1. **Create main project folder** (e.g., `Xenium_Project/`)
2. **Copy Python modules** to the main folder:
   - `xenium.py`, `sbf.py`, `_constants.py`
   - Optional: `reseg.py`, `reseg_tools.py`
3. **Copy Xenium output directory** to the main folder
   - The entire Xenium output folder from the instrument/pipeline
   - Alternatively, you can point directly to the Xenium output location

**Important Notes:**
- All Xenium files must be in the same output directory
- Do not rename Xenium output files (they have specific names)
- The `morphology_focus/` directory contains multi-channel images:
  - Channel 0: DAPI (nuclear)
  - Channel 1: Boundary markers
  - Channel 2: RNA (18S)
  - Channel 3: Protein markers
- If you have post-Xenium images (H&E, IF), keep them in the same directory

### Step 1.3: Verify File Structure

In [None]:
import os
import glob

# TODO: Update this path to your Xenium output directory
path = "/path/to/xenium/output/"

print("Checking Xenium output structure...\n")

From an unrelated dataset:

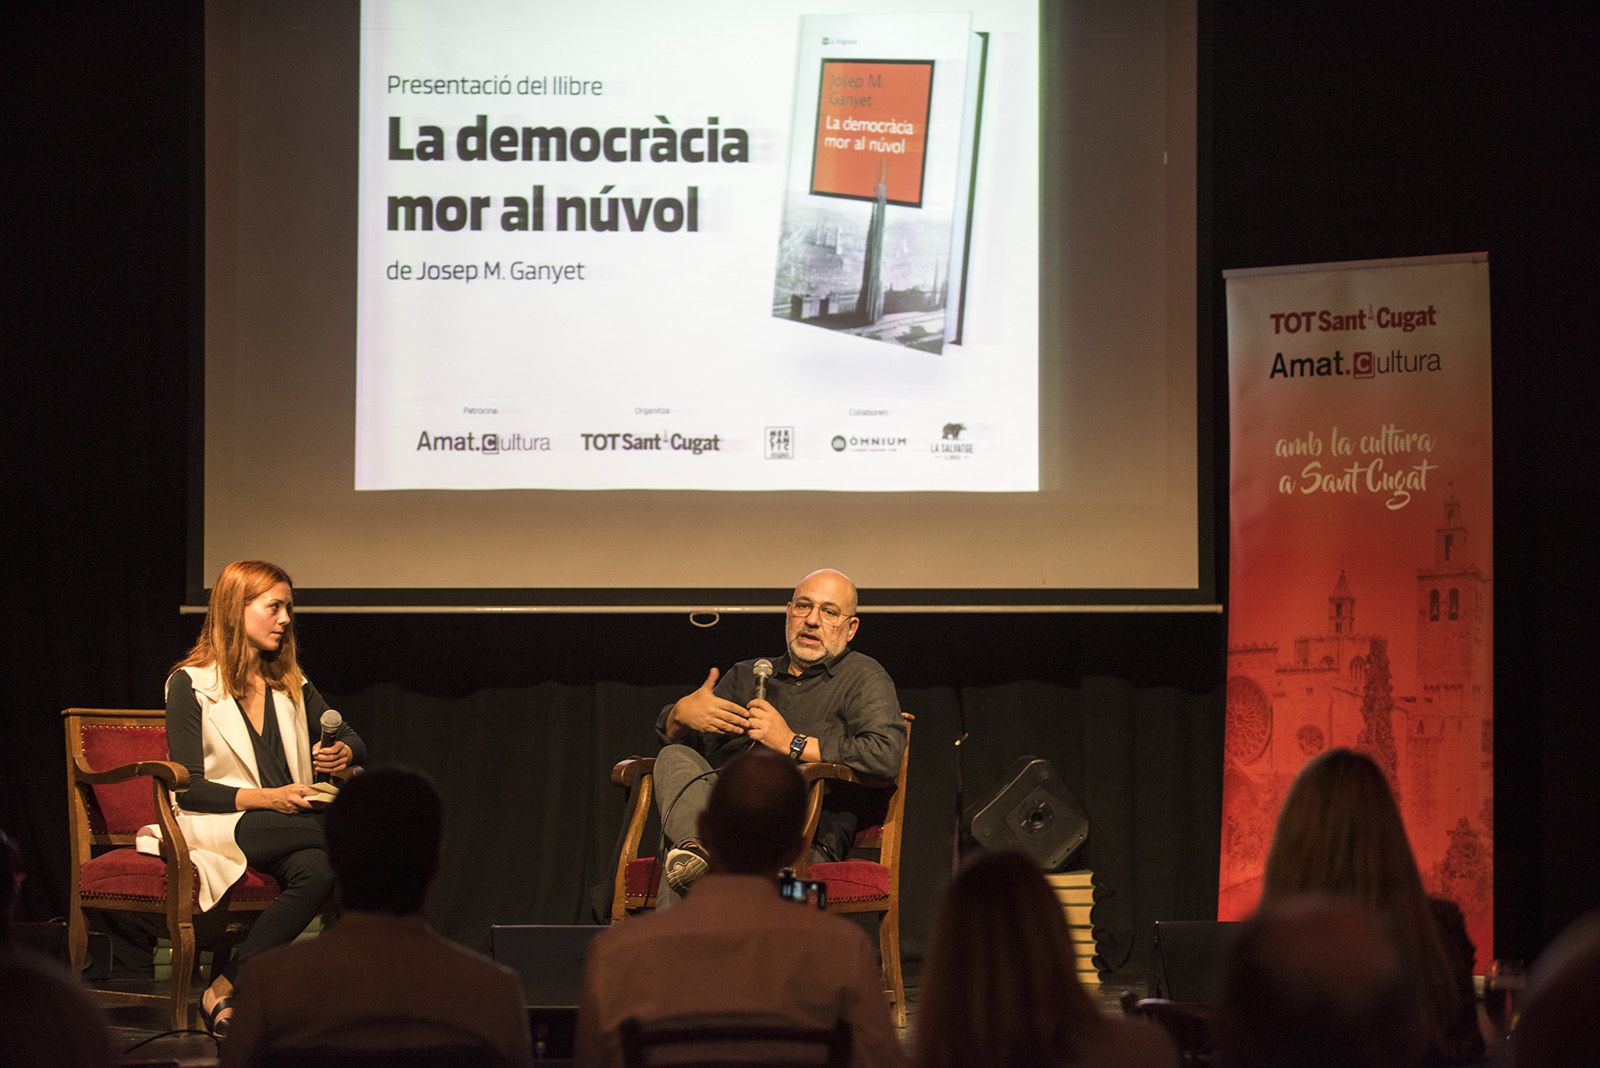 Presentació del llibre 'La democràcia mor al núvol' de Josep M. Ganyet. FOTO: Bernat Millet.

# Check for required Python modules in parent directory
parent_dir = os.path.dirname(path) if path.endswith('/') else os.path.dirname(path + '/')
required_modules = ['xenium.py', 'sbf.py', '_constants.py']
optional_modules = ['reseg.py', 'reseg_tools.py', 'xenium_QC.py']

print("Required modules (in parent directory):")
for module in required_modules:
    if os.path.exists(os.path.join(parent_dir, module)):
        print(f"  ✓ {module}")
    else:
        print(f"  ✗ {module} - MISSING!")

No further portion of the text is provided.